Skyharbour will retain an NSR of two percent (2%) on all 12 claims with Yellow Rocks holding a buyback option whereby Yellow Rocks can purchase one percent (1%) of the NSR for CAD $700,000. The Optionee will be the operator at the Properties during the course of the earn-in.

If the Optionee completes the Closing Phase (to earn-in the 15% interest in the Properties) but does not satisfy the requirements to complete Phase 1 (and does not obtain an earn-in interest of 51%) the Optionee will relinquish the Closing Phase interest (being the Optionee’s 15% interest in the Property in consideration for the payment of AUD $1.00, and the Optionee will no longer be entitled to any interest in the Property.

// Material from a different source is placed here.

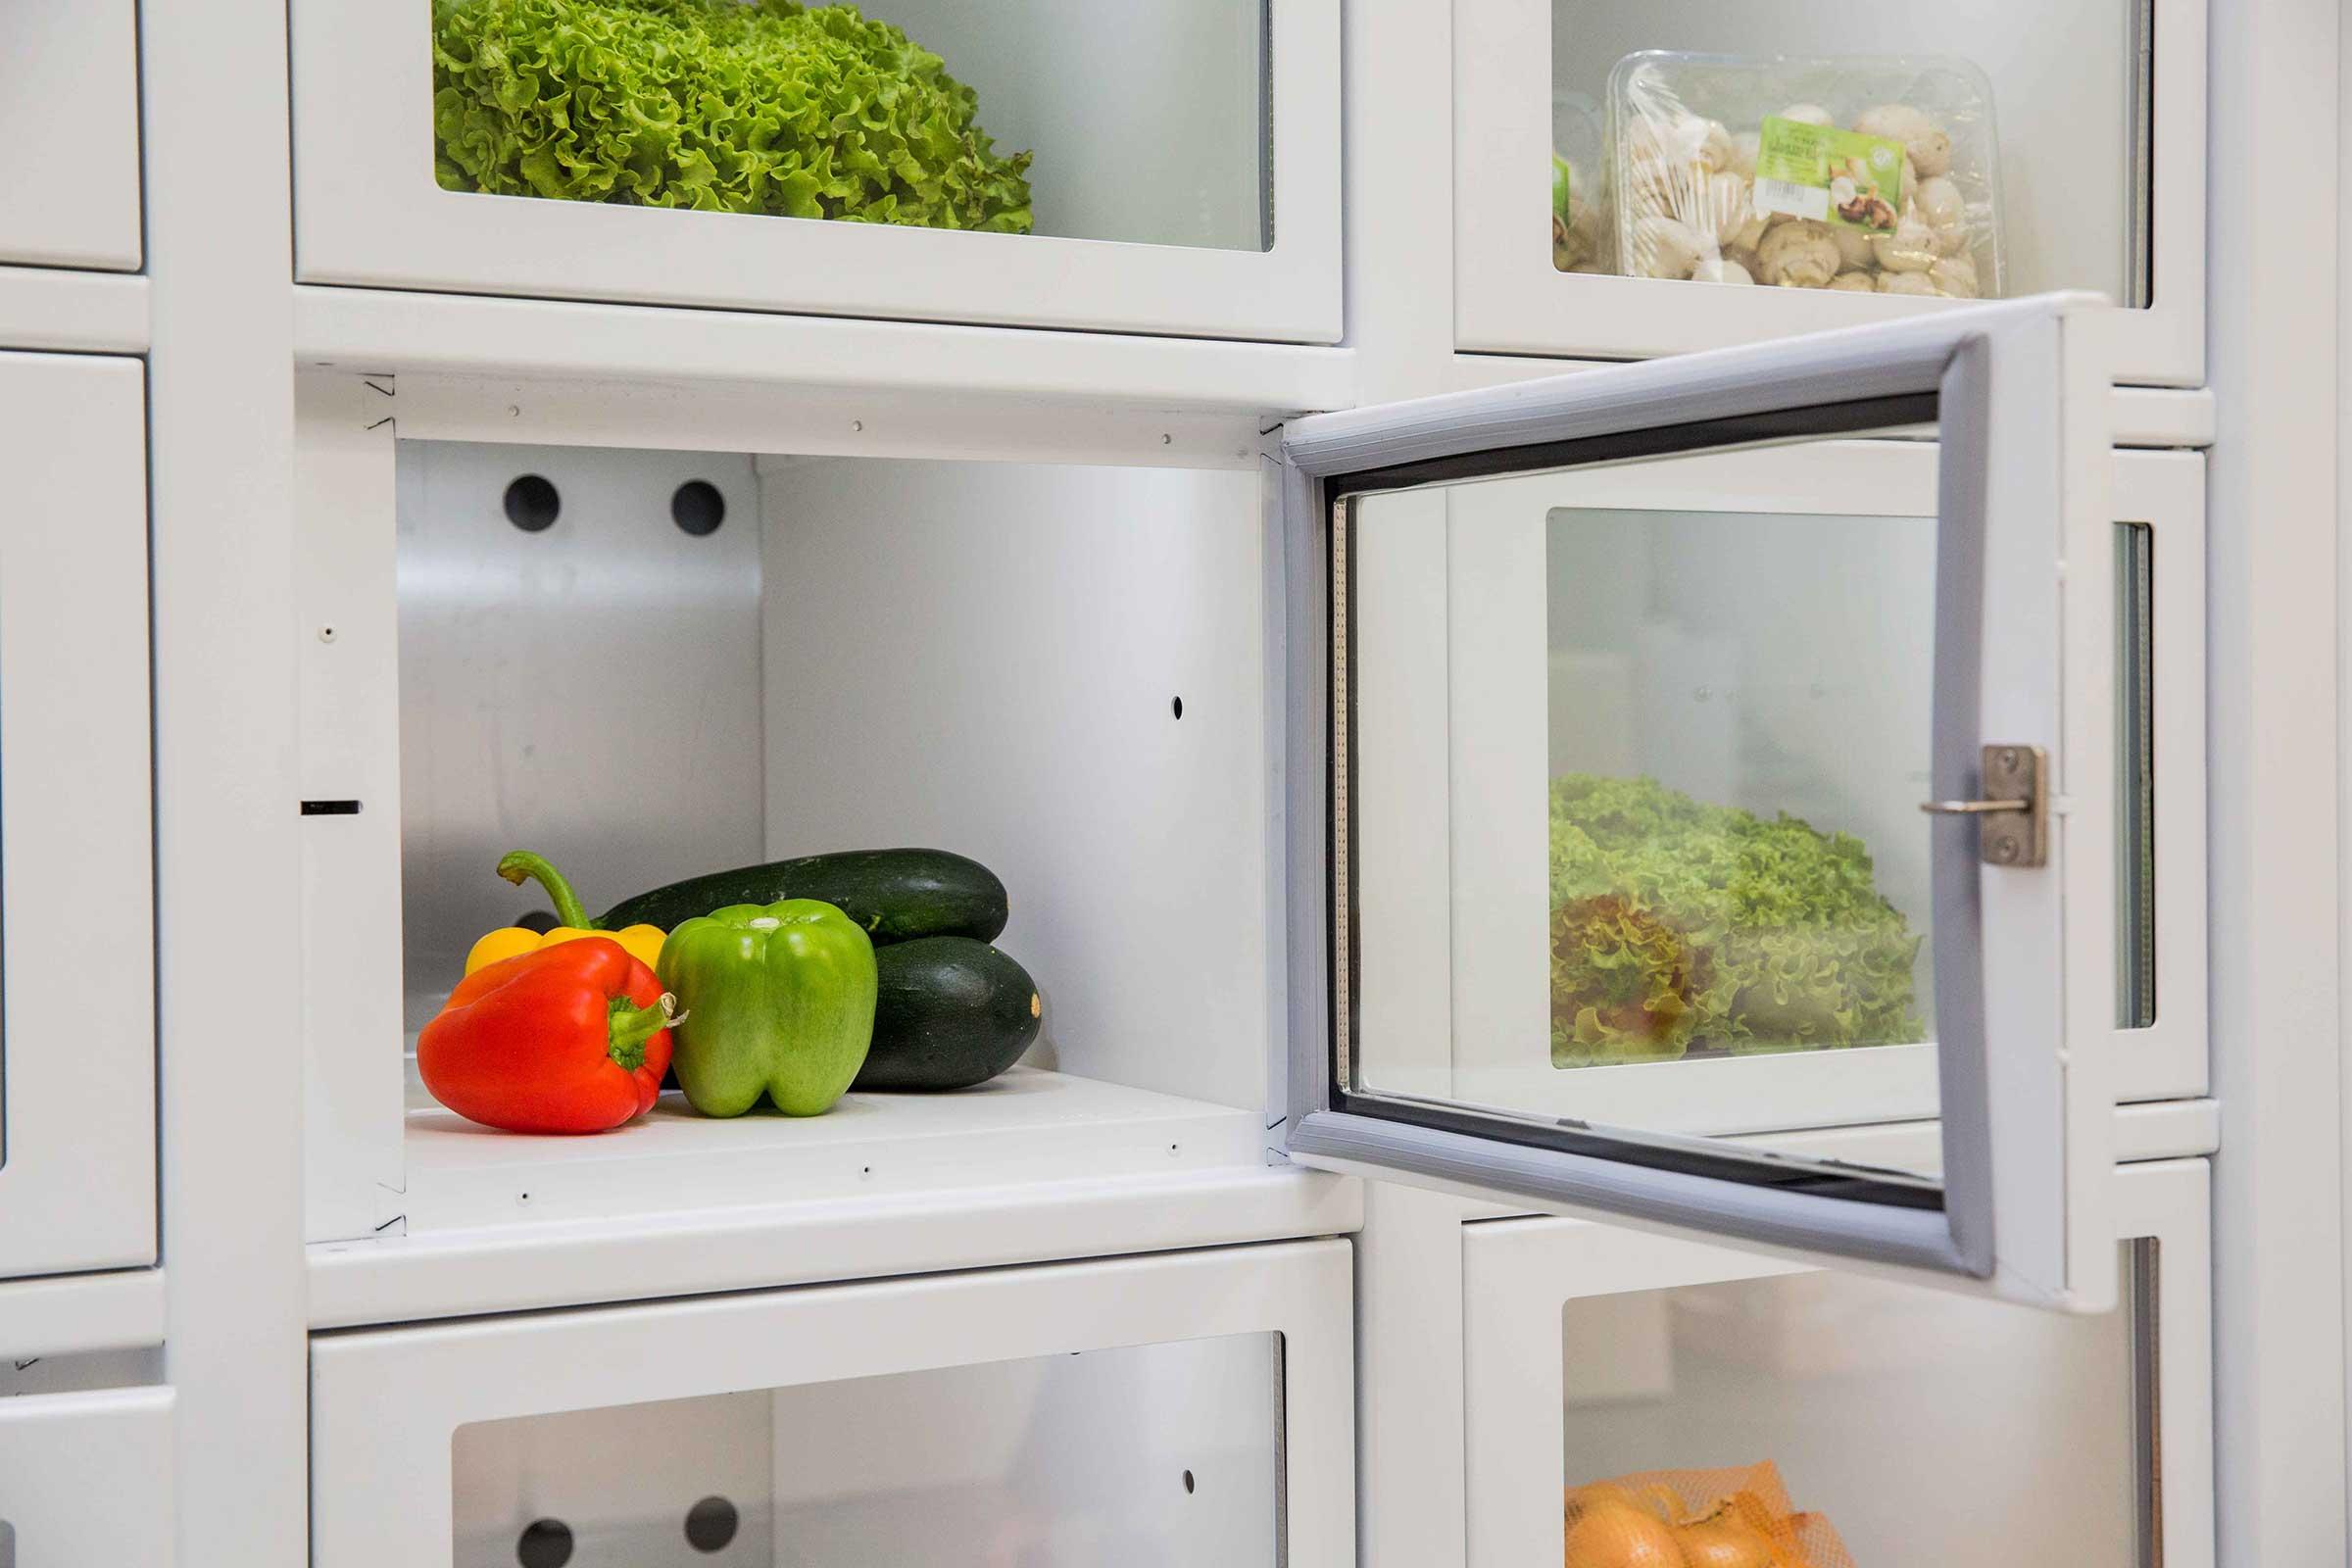 Verduras en una máquina expendedora Le Casier Français

The obligations of the Optionee under this Agreement are subject to and conditional upon the satisfaction of the following conditions precedent:

  • Completion of due diligence by the Optionee on the Property to the reasonable satisfaction of the Optionee on or before the date of lodgement of the prospectus to be issued by the Optionee in connection with its initial public offering and listing on the ASX;
  • The Optionee undertaking a capital raising and receiving valid applications under the Prospectus for such amount as required to ensure that the Optionee complies with the ASX Listing Rule 1.3.1 to meet the assets test for listing (net tangible assets of $4,000,000 after deducting costs of the offer);
  • The Optionee receiving conditional approval from the ASX for its securities to be admitted to official quotation on the Exchange
  • The Optionee being satisfied (at its sole direction) that there is no breach of the representations, warranties or covenants given by the Optionor under this Agreement;
  • Execution by the Optionor of such form of restriction agreement with respect to the Shares as may be required by the ASX;
  • The Parties (as applicable) obtaining all necessary regulatory and shareholder approvals pursuant to the ASX Listing Rules, the Corporations Act 2001 and their constituent documents, to allow the Parties to lawfully complete the matters set out in this Agreement;

If these Conditions Precedent are not satisfied on or before 5:00pm (WST) on the date which is nine (9) months from the date of execution of this Agreement either Party may terminate this Agreement by notice in writing to the other Party, in which case, the agreement constituted by this Agreement will be at end and the Parties will be released from their obligations under this Agreement.